THE NATIONAL CATHOLIC REVIEW
Some years back, I enrolled in a graduate seminar in Analytic Philosophy. At the start of the first class, the professor posed the question—what makes you you? What is the core of your identity? If one were to teleport you through time and space, what part of you would need to be transferred so that it would actually be you that stands at the other end of the Star Trek-like shipment? Would it have to be your DNA sequence—some sort of recipe of proteins? Would it be your feelings? Your face? Your soul or your mind? Your conscience? Your sense of humor? Would it have to be your memory? What makes you distinct from anyone else in the world? After some initial offerings the class spun wildly toward some distorted idea of Nietzsche and human flourishing. Basically, anything that fell short of the mental flourishing seemingly evident in a university graduate student was not really a person. The discussion became heated quickly. I was indignant. I loudly, though clumsily, asserted that infants, the unborn, people in comas, the mentally ill, the developmentally disabled, and those suffering dementia were all individuals—dignified in every respect as the healthiest, most fully developed of human beings. Many students disagreed with and parodied my sentimental screed. I dropped the class, took a course on Hemingway, and was quite happy.
Matthew Thomas’s new novel, We Are Not Ourselves, seems to be a meditation on the question—what makes us who we are? Perhaps there is an even deeper question—do we have any right to consider ourselves apart from others? That is, can we think of ourselves as isolated from those we love and from those around us?
I do not want to scare participants in the Catholic Book Club away from this book by my philosophical musings, but I do want to hint at the novel’s depth. The story is quite beautiful. Essentially, it is the story of Eileen Tumulty, the daughter of Irish immigrants. The reader meets her as a child and watches her develop into a nurse, wife, mother, and professional. The novel is her portrait – a portrait of her love, her suffering, her imperfection, her striving, her aging, and her goodness. It is a portrait of her family—her husband, Ed, and her son, Connell. Eileen pulls the two men in her life toward her dream of suburban peace and upper middle class comfort. She desires reliable respite from the tumult and toil of the majority of her life. Toward the beginning of the book, there is a wonderful scene when Eileen is driving her mother to an AA meeting. She must also ferry her mother’s friends, fellow alcoholics, to the meeting. As she drives through wealthier neighborhoods, the young Eileen thinks to herself:
Life is what you made of it. Some of the houses she’d dropped these people off at would have been enough for her, so why couldn’t it be enough for them? If she lived in one of these houses, she wouldn’t need to get into another woman’s car and head to a damp lower church for a meeting. She could look at her fireplace, her leather sofa, her book lined drawing room; she could listen to silence above her head; she could peer in on empty bedrooms lying in wait for fresh-faced visitors, pleasantly useless otherwise. It would all be enough for her to put a drink down for. And yet these people were. The fact that they were there, that everything they owned wasn’t enough somehow, disturbed her, suggesting a bottomlessness to certain kinds of unhappiness. She shook the thought from her head like dust from an Oriental rug and decided that a house would have to be enough (45-46).

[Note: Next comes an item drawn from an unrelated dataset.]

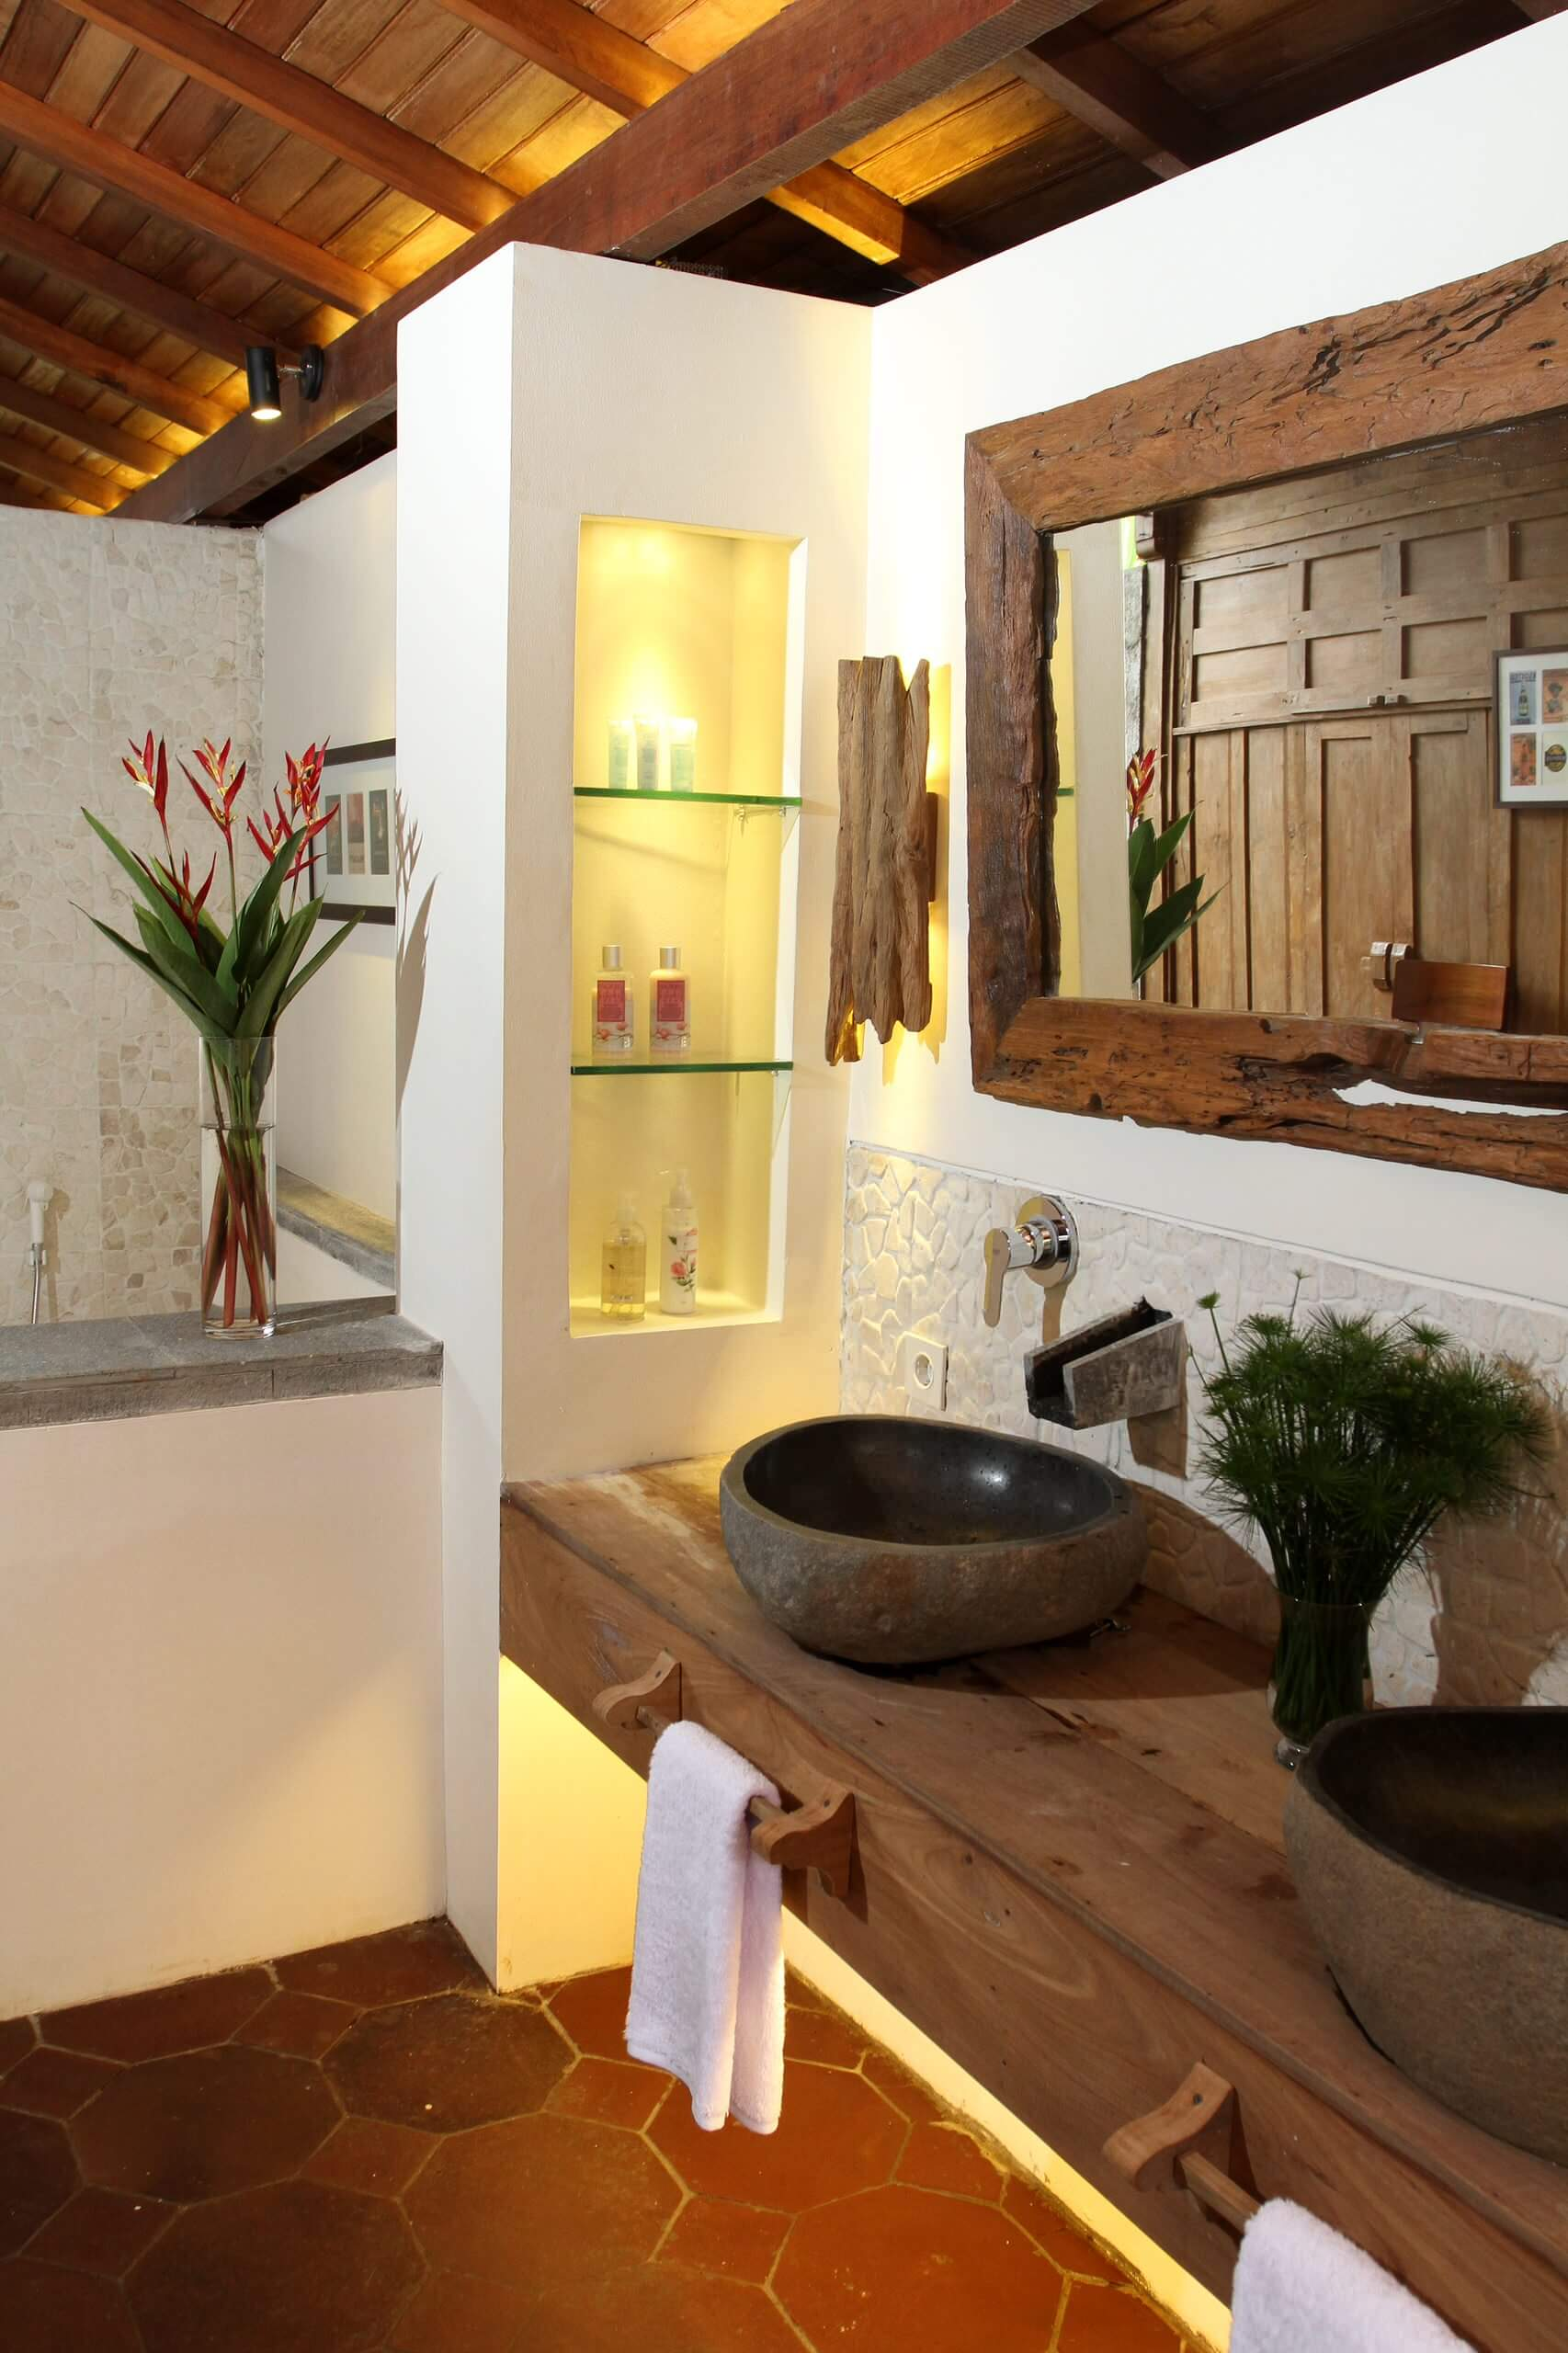 A Rustic Spa Bathroom Concept

Eileen is mystified that someone could seek dissipation in drink when he or she possesses such a comfortable place to call home. For years and years, she strives for such comfort, yearns for it fiercely. As Eileen’s story unfolds, there are instances of incredible grief and vivid portraits of how human beings are capable of hurting those they love most. There is also humor and the type of perseverance that sweeps up the reader into solidarity with the novel’s characters.

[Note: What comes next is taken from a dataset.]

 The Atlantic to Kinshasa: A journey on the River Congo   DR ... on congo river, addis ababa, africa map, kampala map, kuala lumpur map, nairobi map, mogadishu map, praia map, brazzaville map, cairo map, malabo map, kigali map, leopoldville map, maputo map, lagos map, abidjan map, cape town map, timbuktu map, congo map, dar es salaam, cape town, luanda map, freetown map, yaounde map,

Matthew Thomas’s prose draws the reader into Eileen’s heart and mind. The writing is efficient and thoughtful and kind. It is void of cynicism, vulgarity and irony. The novel offers a portrait, and, through this portrait, it provokes us to consider what exactly it means to be human. How much of who we are is determined by our parents, our siblings, our spouse, our children, even our neighbors? How much of who I am resides in whom I love and who loves me? Finally, how much do I remain myself if I lose everything, including my memory?

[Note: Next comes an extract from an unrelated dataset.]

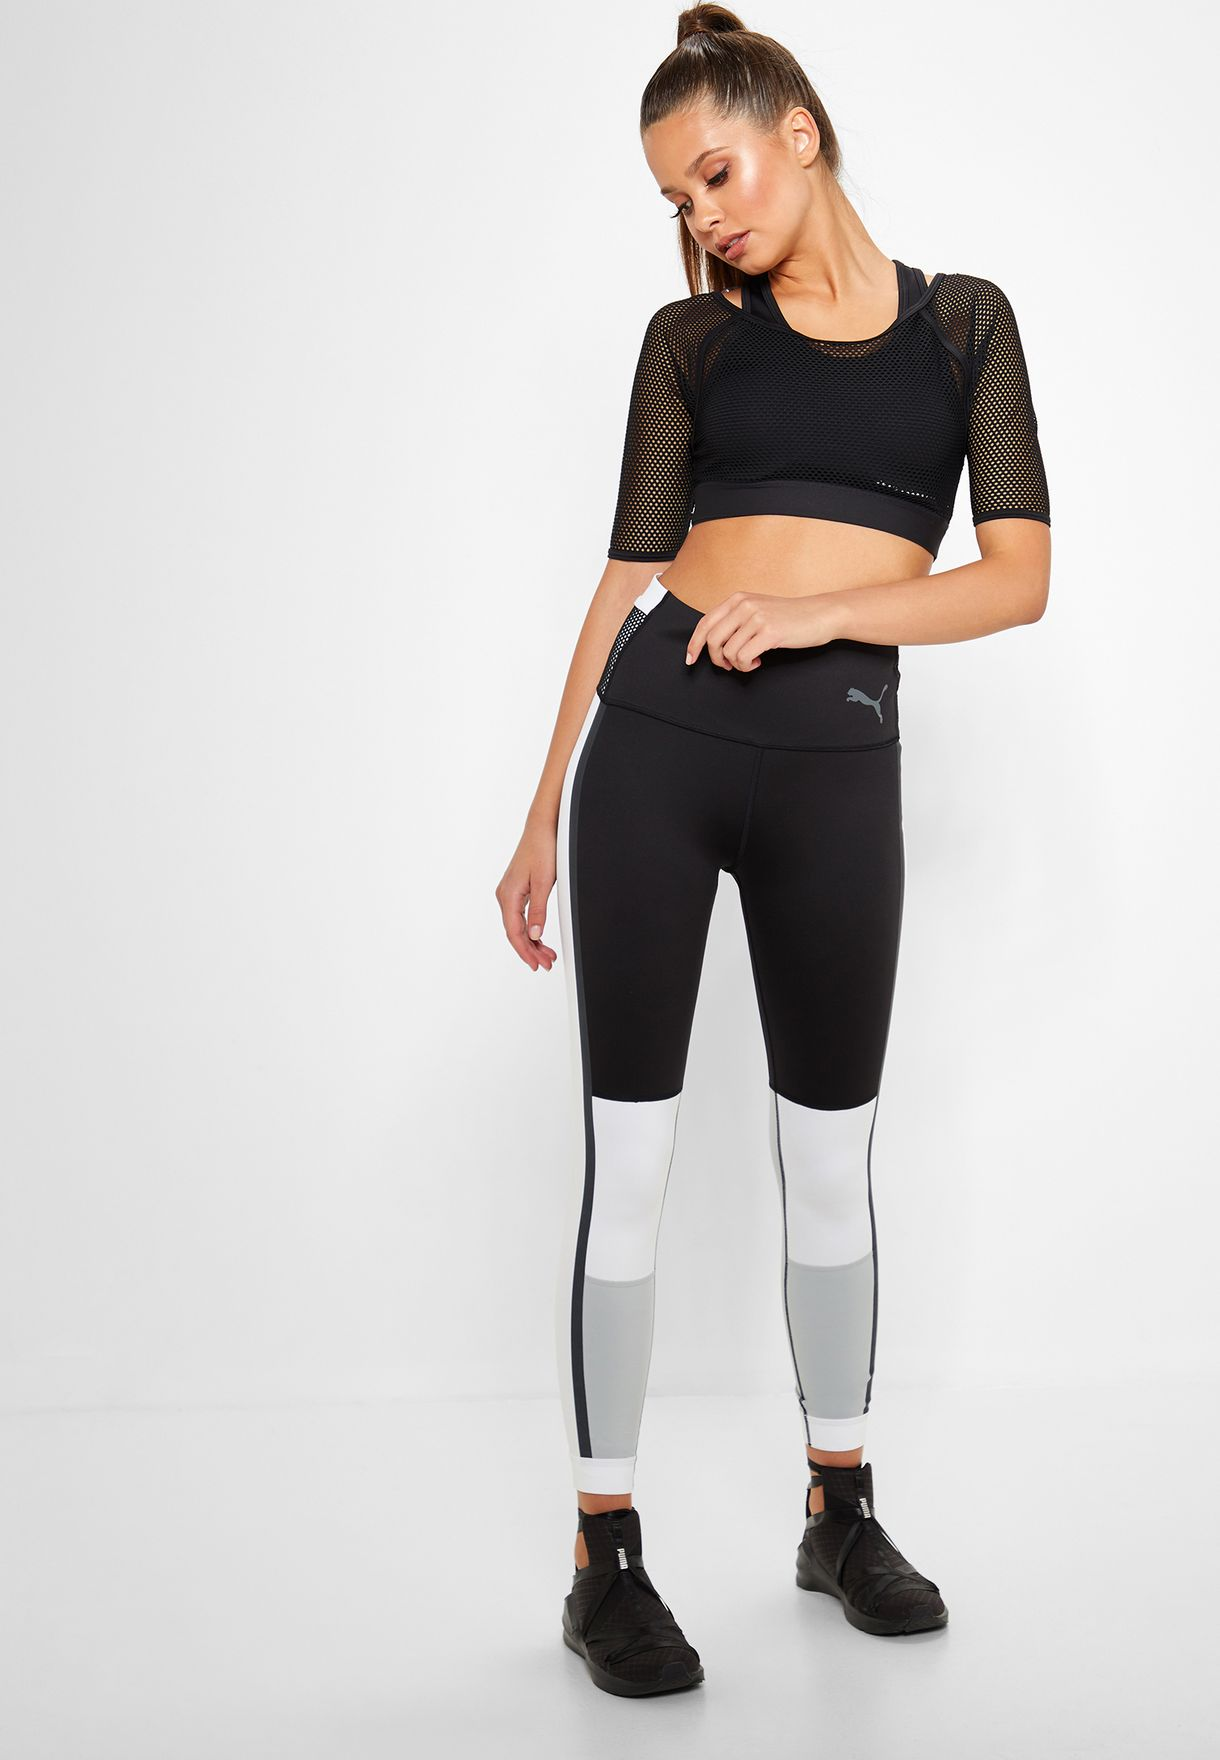 c21911839e42 Shop PUMA black Selena Gomez 7 8 Leggings 51780601 for Women in UAE ...

I think I have offered enough questions for readers in this introduction to the first half of Matthew Thomas’s We Are Not Ourselves. Please contribute some thoughts on the book or on any of the questions above. I will offer the second part of the introduction at the beginning of October. In the meantime, I urge members of the Book Club to pick up a copy and begin reading.
Susan Beason | 9/28/2014 - 3:53pm
I do not have the book yet. Your review indicates Eileen could be any number of women in the world.